Et sa propre relève ? Elle rit. « Je me demande à quel moment on arrête d’être soi-même la relève pour commencer à penser à la suite ? J’ai une équipe très forte autour de moi, alors, pour l’instant, je n’y pense pas trop. » Maman de deux enfants de 9 et 11 ans, la chef d’entreprise a rarement le temps de s’arrêter. Tellement qu’elle n’a jamais terminé le cours de pilotage commencé il y a quelques années. « Mais je saurais atterrir en cas d’urgence ! »
Pas facile, d’être la fille à papa
En général, quand vient le temps de passer les rênes de l’entreprise familiale, on pense d’abord au fils, ensuite à l’associé principal, puis à l’employé talentueux… C’est seulement une fois ces possibilités éliminées qu’on considère la ou les filles de la famille.
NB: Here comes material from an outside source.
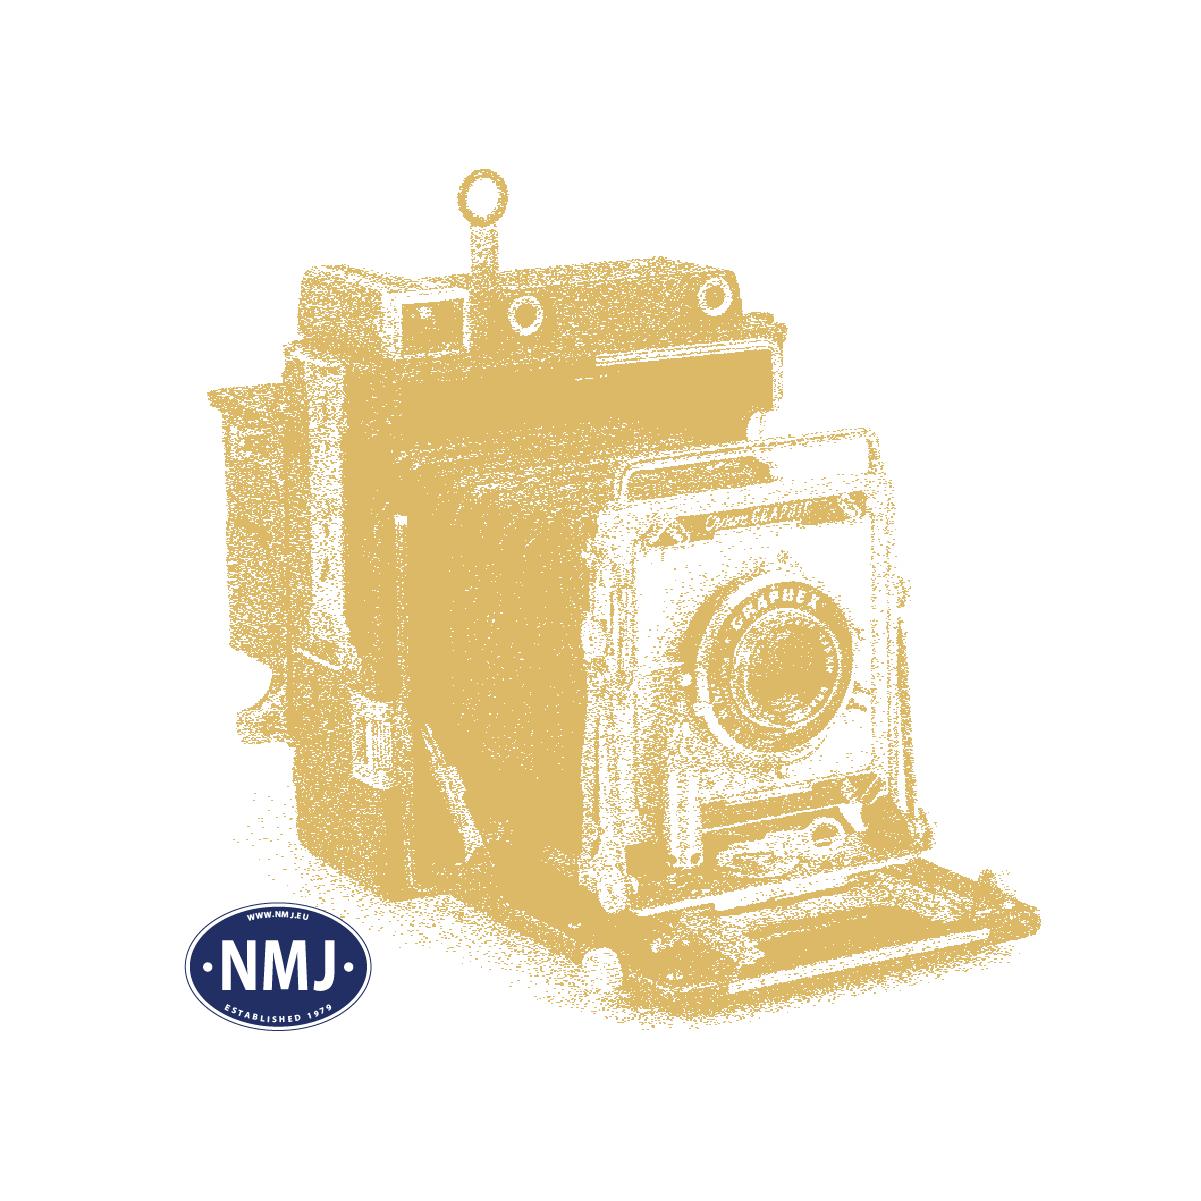 NMJT90403 - NMJ Topline SNCB 5404, DCC m/ SOUND
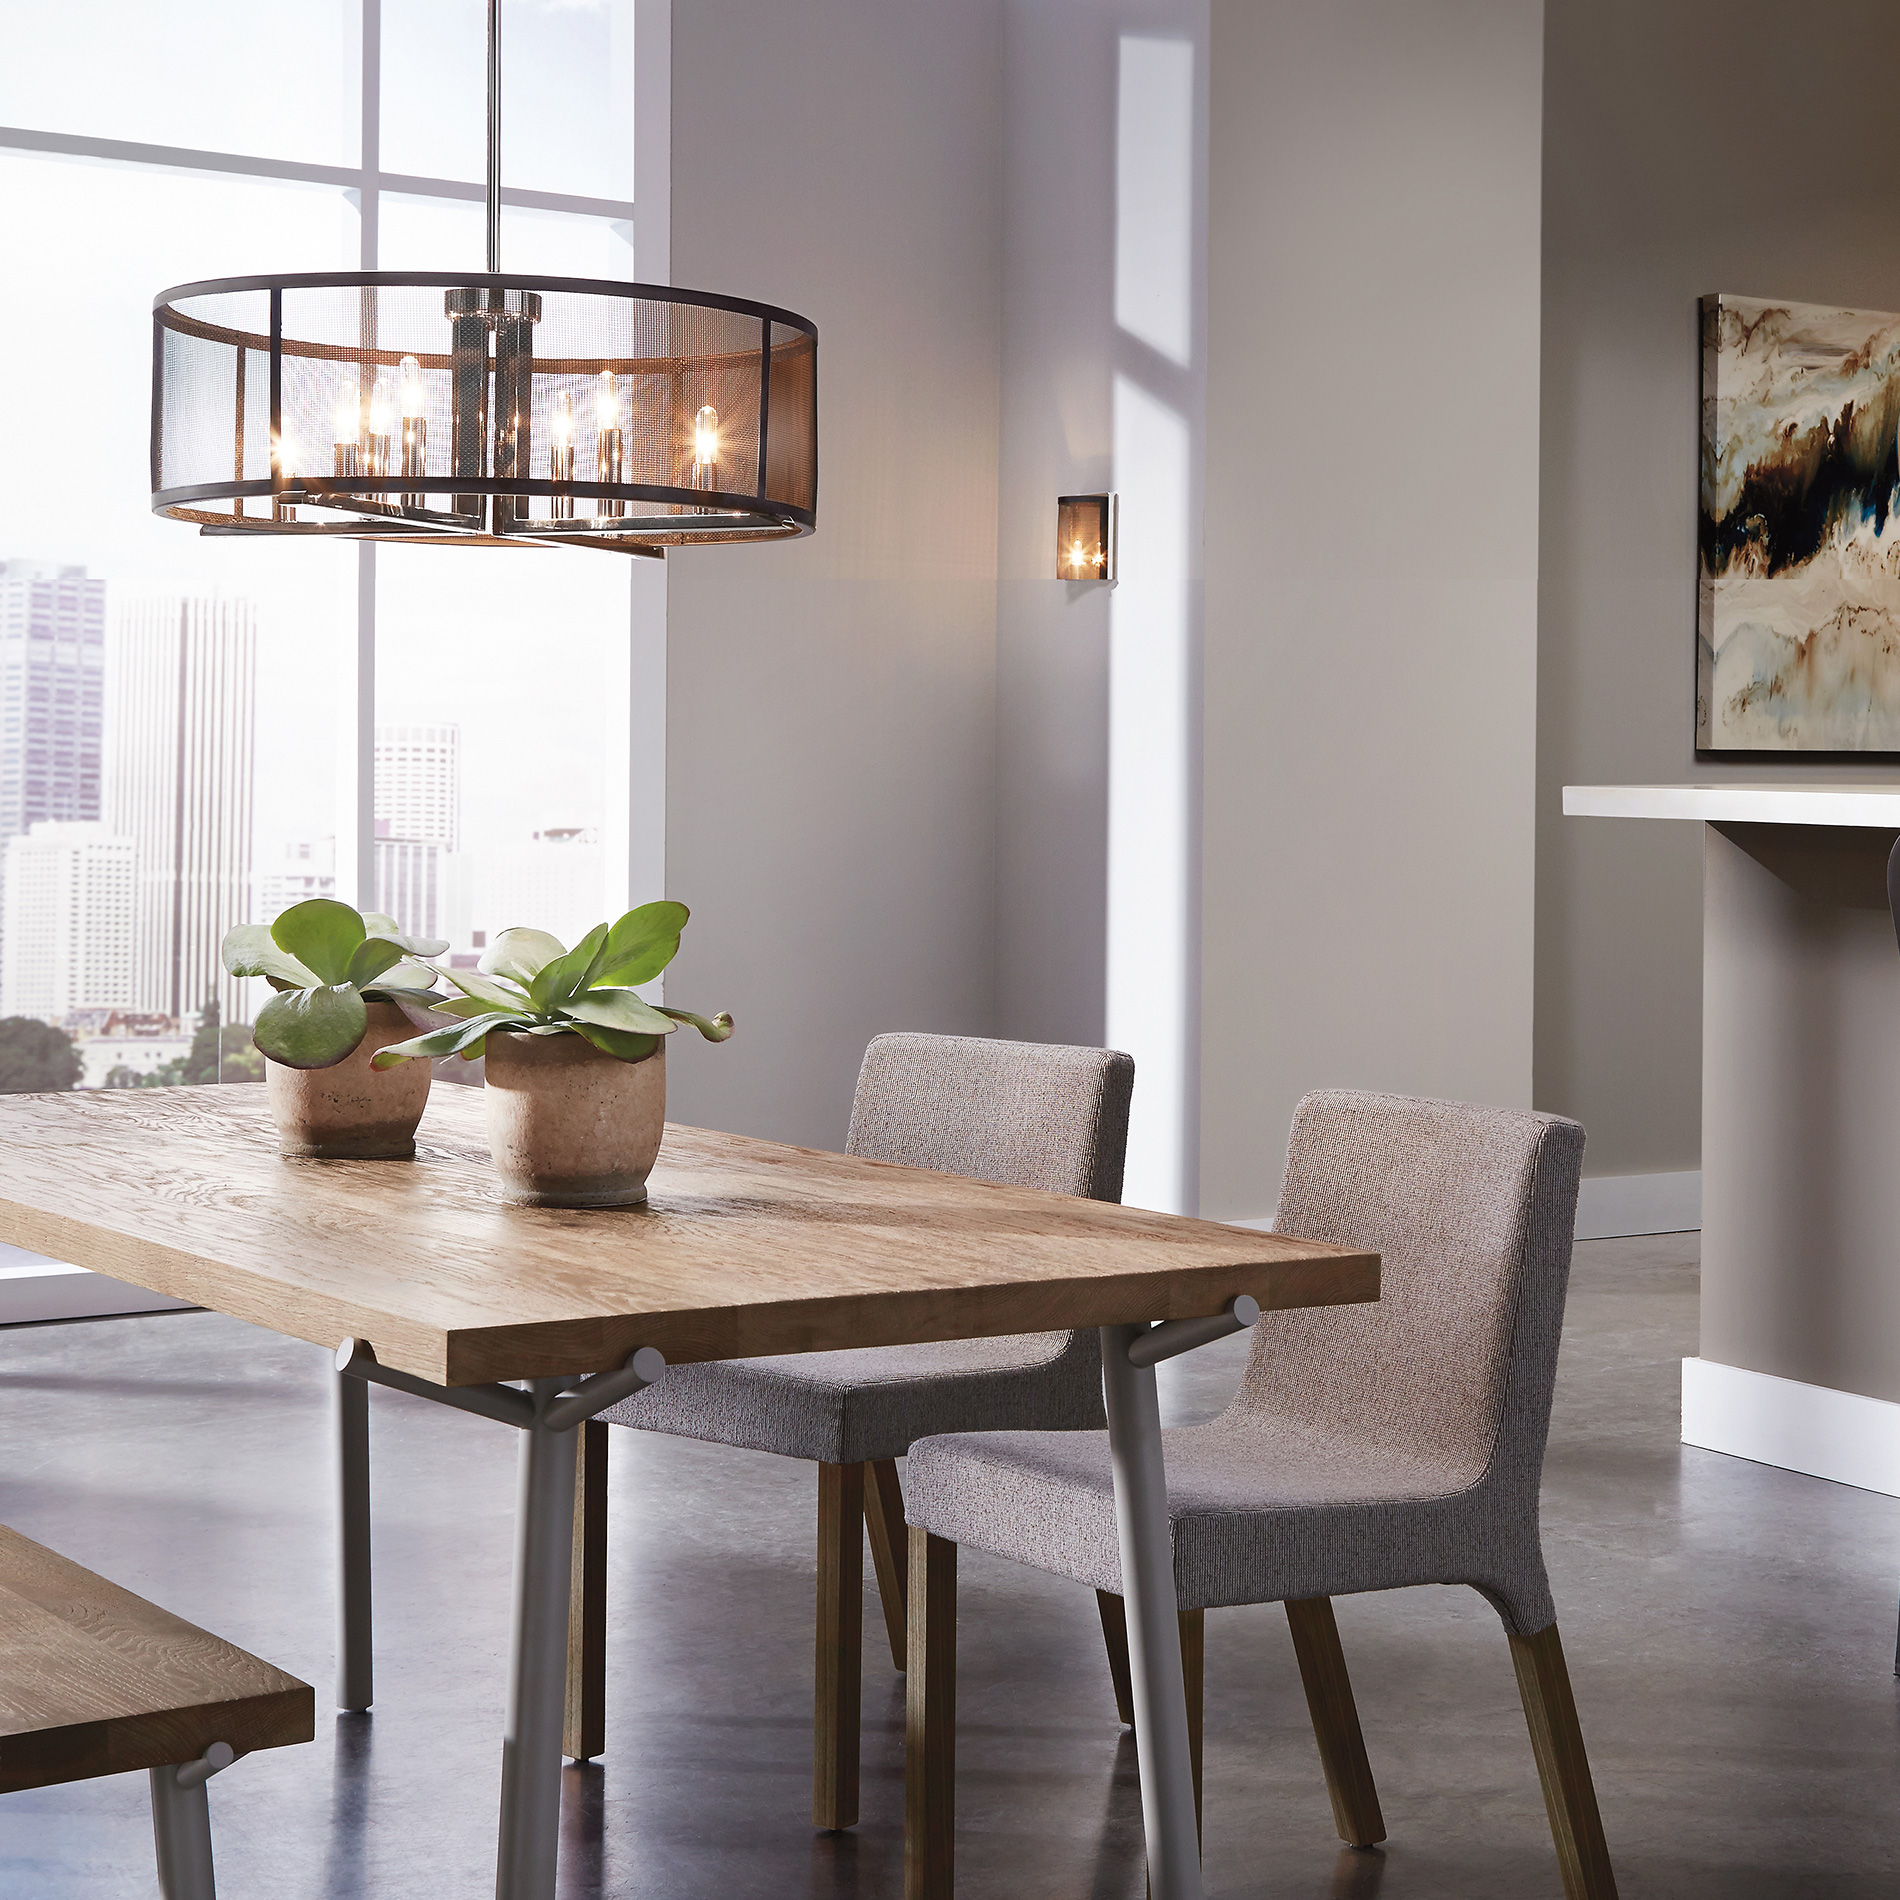 title | Dining room lighting ideas

Ce sont des « successeures invisibles », écrivait Louise Péloquin, chercheuse à HEC Montréal, dans Les successeures dans les entreprises familiales québécoises, une des rares études consacrées à ce sujet au Québec.
C’était en 1992, mais les choses n’ont pas tellement changé, constate Carol Bélanger, professeur à HEC Montréal et spécialiste de la relève familiale. « Il n’y a pas que la volonté du père fondateur qui soit en cause, dit-il, mais aussi celle des femmes, qui hésitent souvent à faire le saut. » Il voit aussi de plus en plus de relèves bicéphales, deux sœurs ou un frère et une sœur par exemple, qui reprennent ensemble le flambeau. « Car les jeunes ne sont pas tous prêts à mettre de côté leur vie personnelle pour diriger une entreprise », conclut-il.